### Aim of the task:
Each line from the one containing "Как сделать объемные" through the last line of the data below should be printed exactly, please, with any pictures omitted.

### Available data:
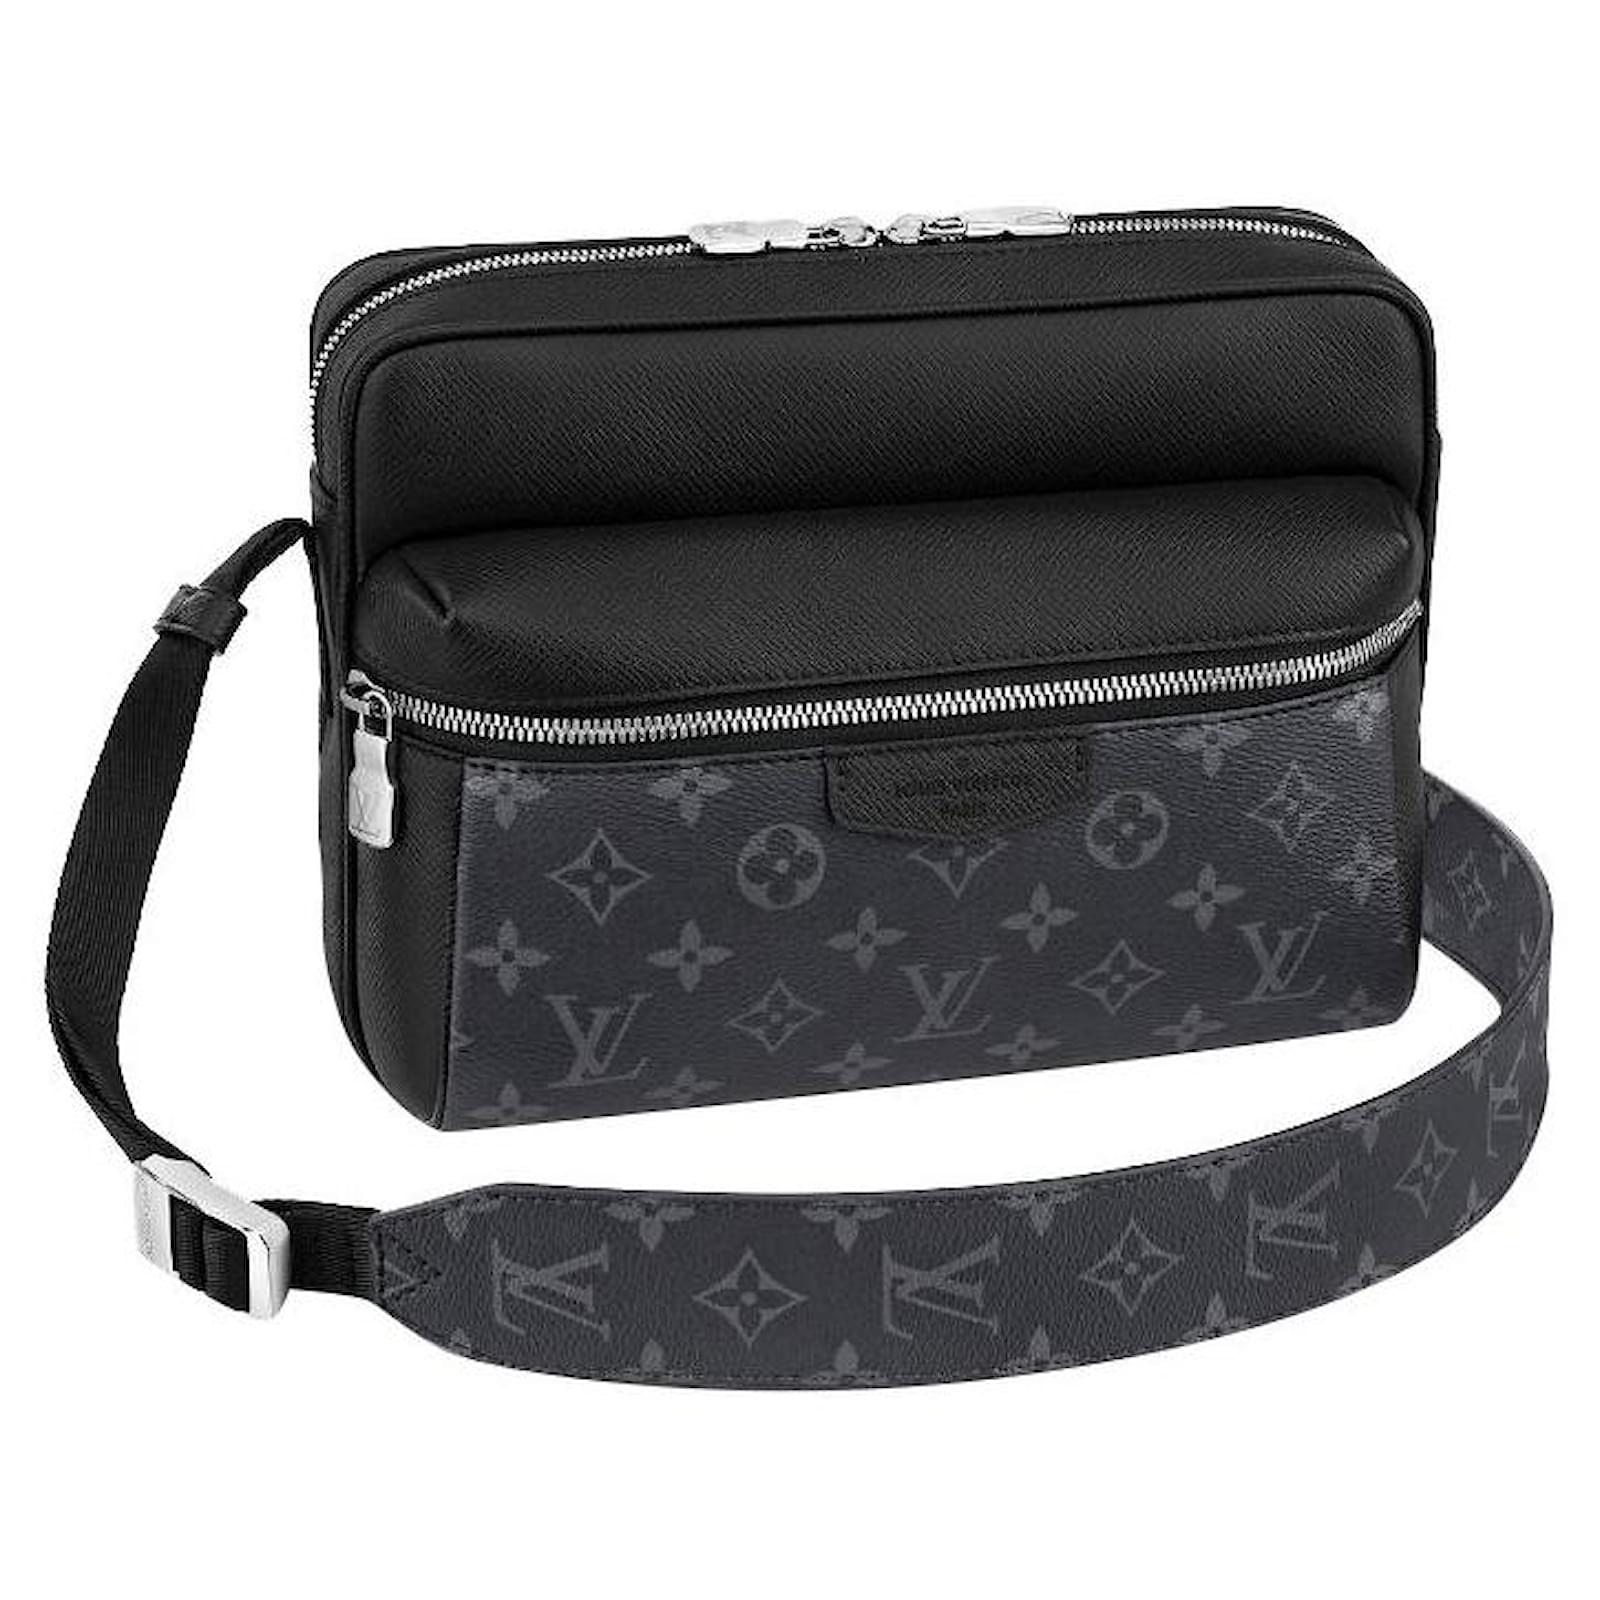 El exterior del Diseñador de Louis Vuitton bolsos y accesorios de
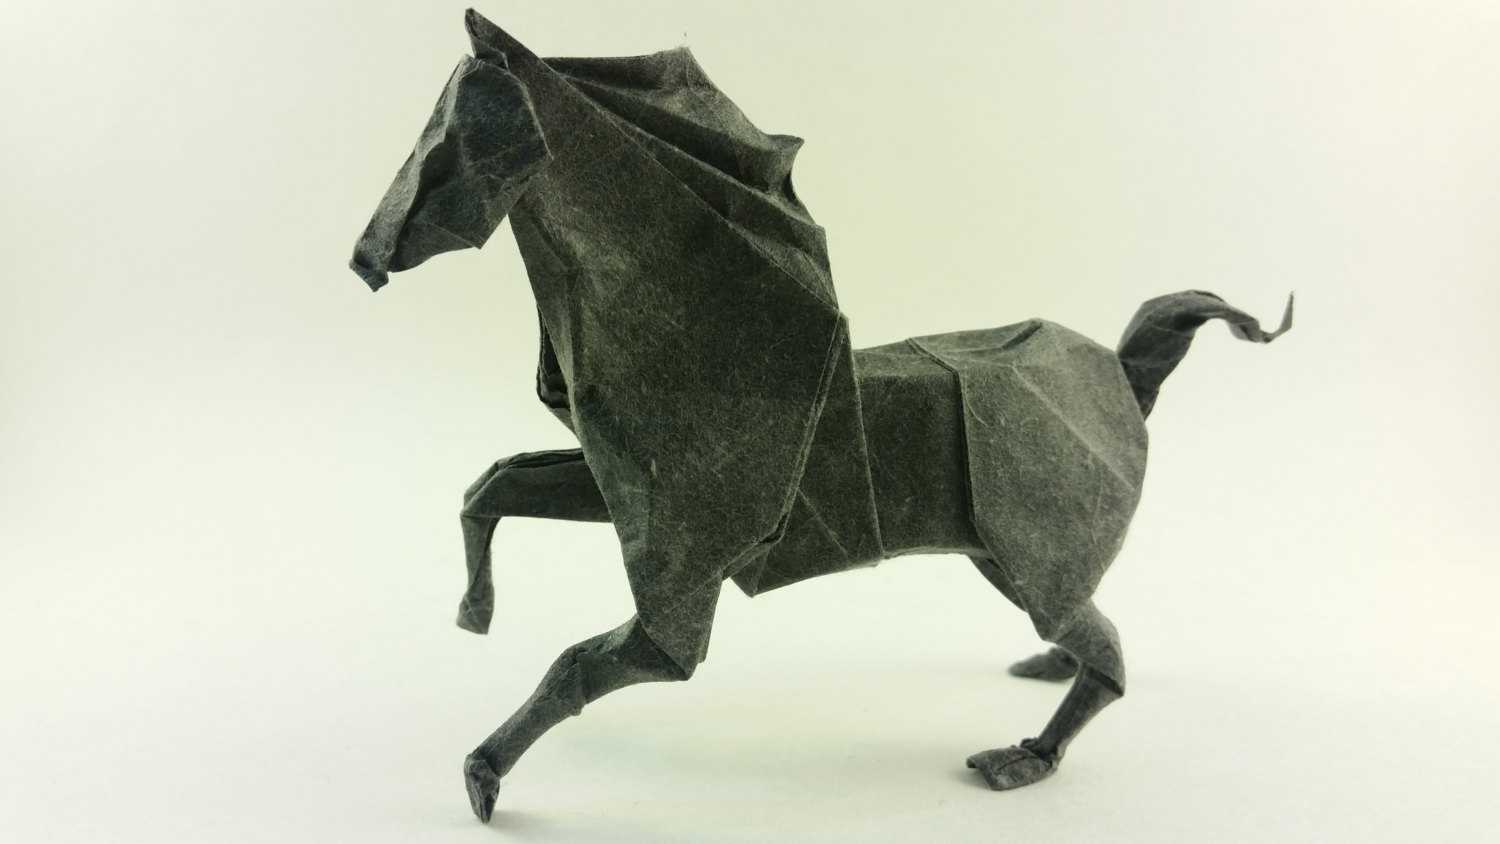 Как сделать объемные оригами - пошаговая инструкция, основы и идеи как делать скульптуры из бумаги
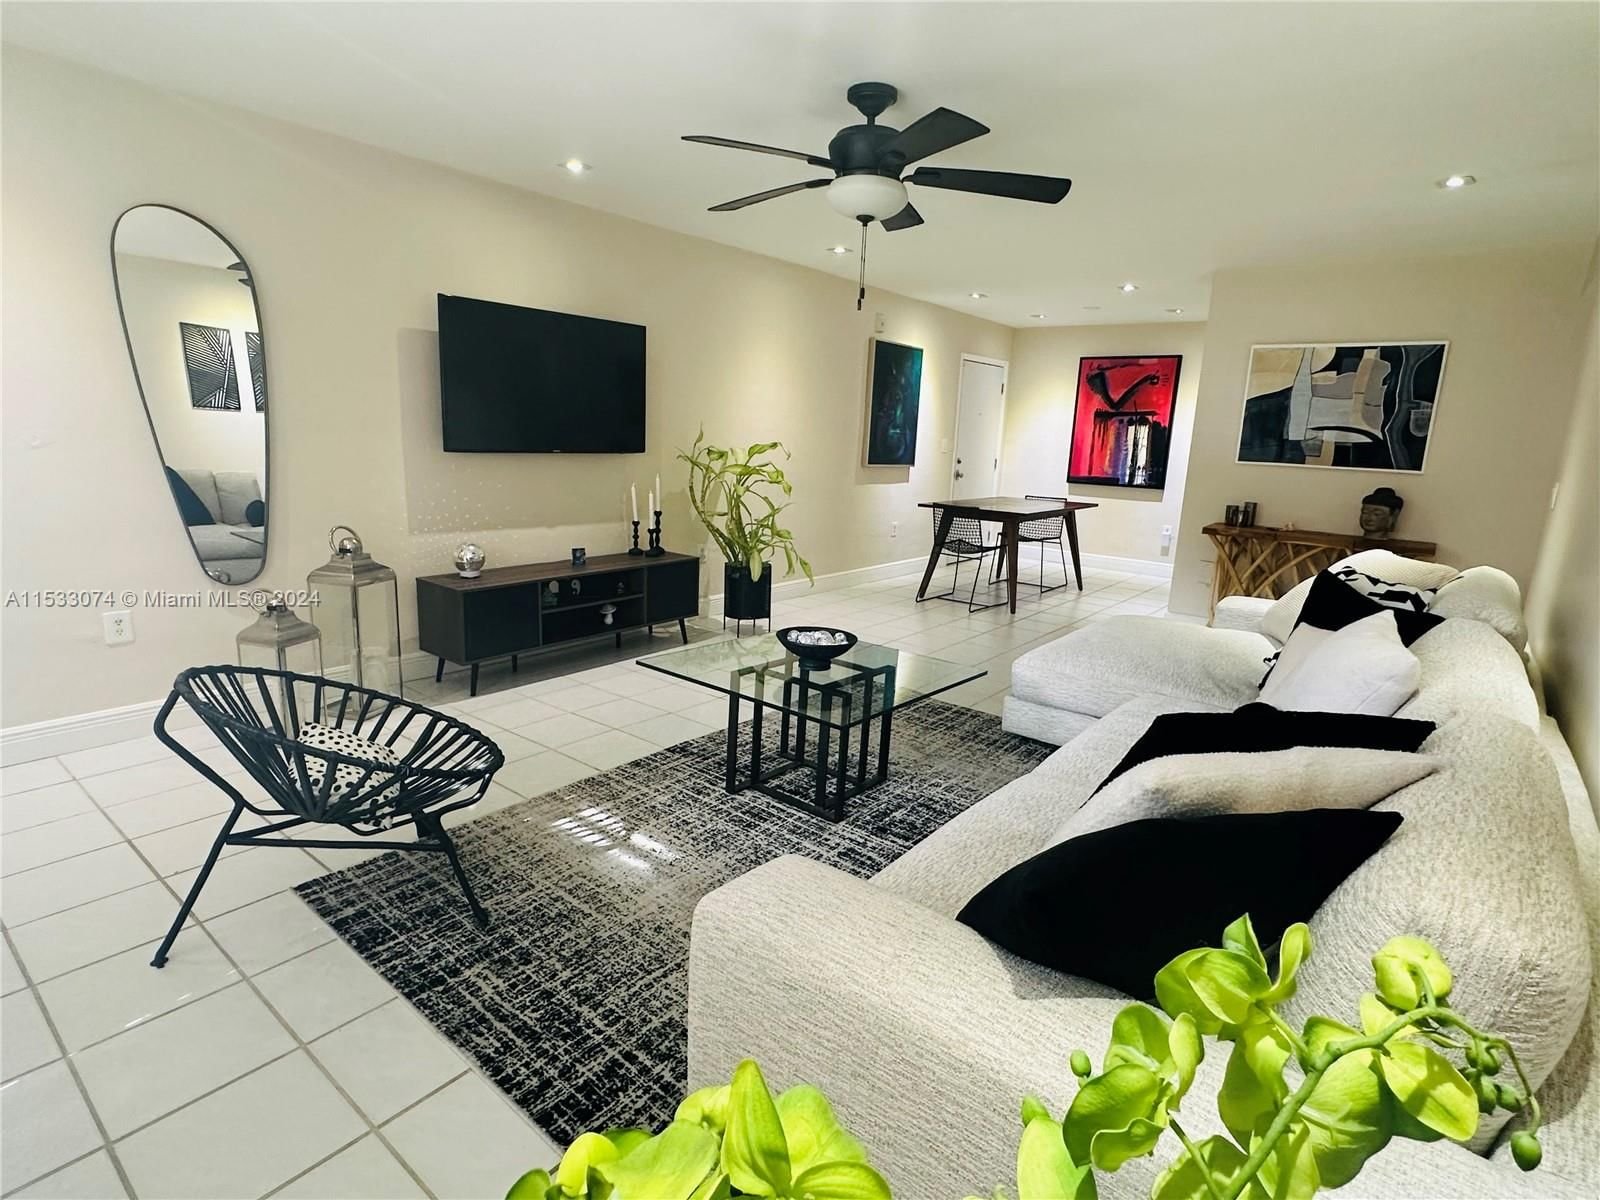 Real estate property located at 9404 77th Ave M2, Miami-Dade County, KINGSTON SQUARE CONDO, Miami, FL

### Response area:
 Как сделать объемные оригами - пошаговая инструкция, основы и идеи как делать скульптуры из бумаги
 Real estate property located at 9404 77th Ave M2, Miami-Dade County, KINGSTON SQUARE CONDO, Miami, FL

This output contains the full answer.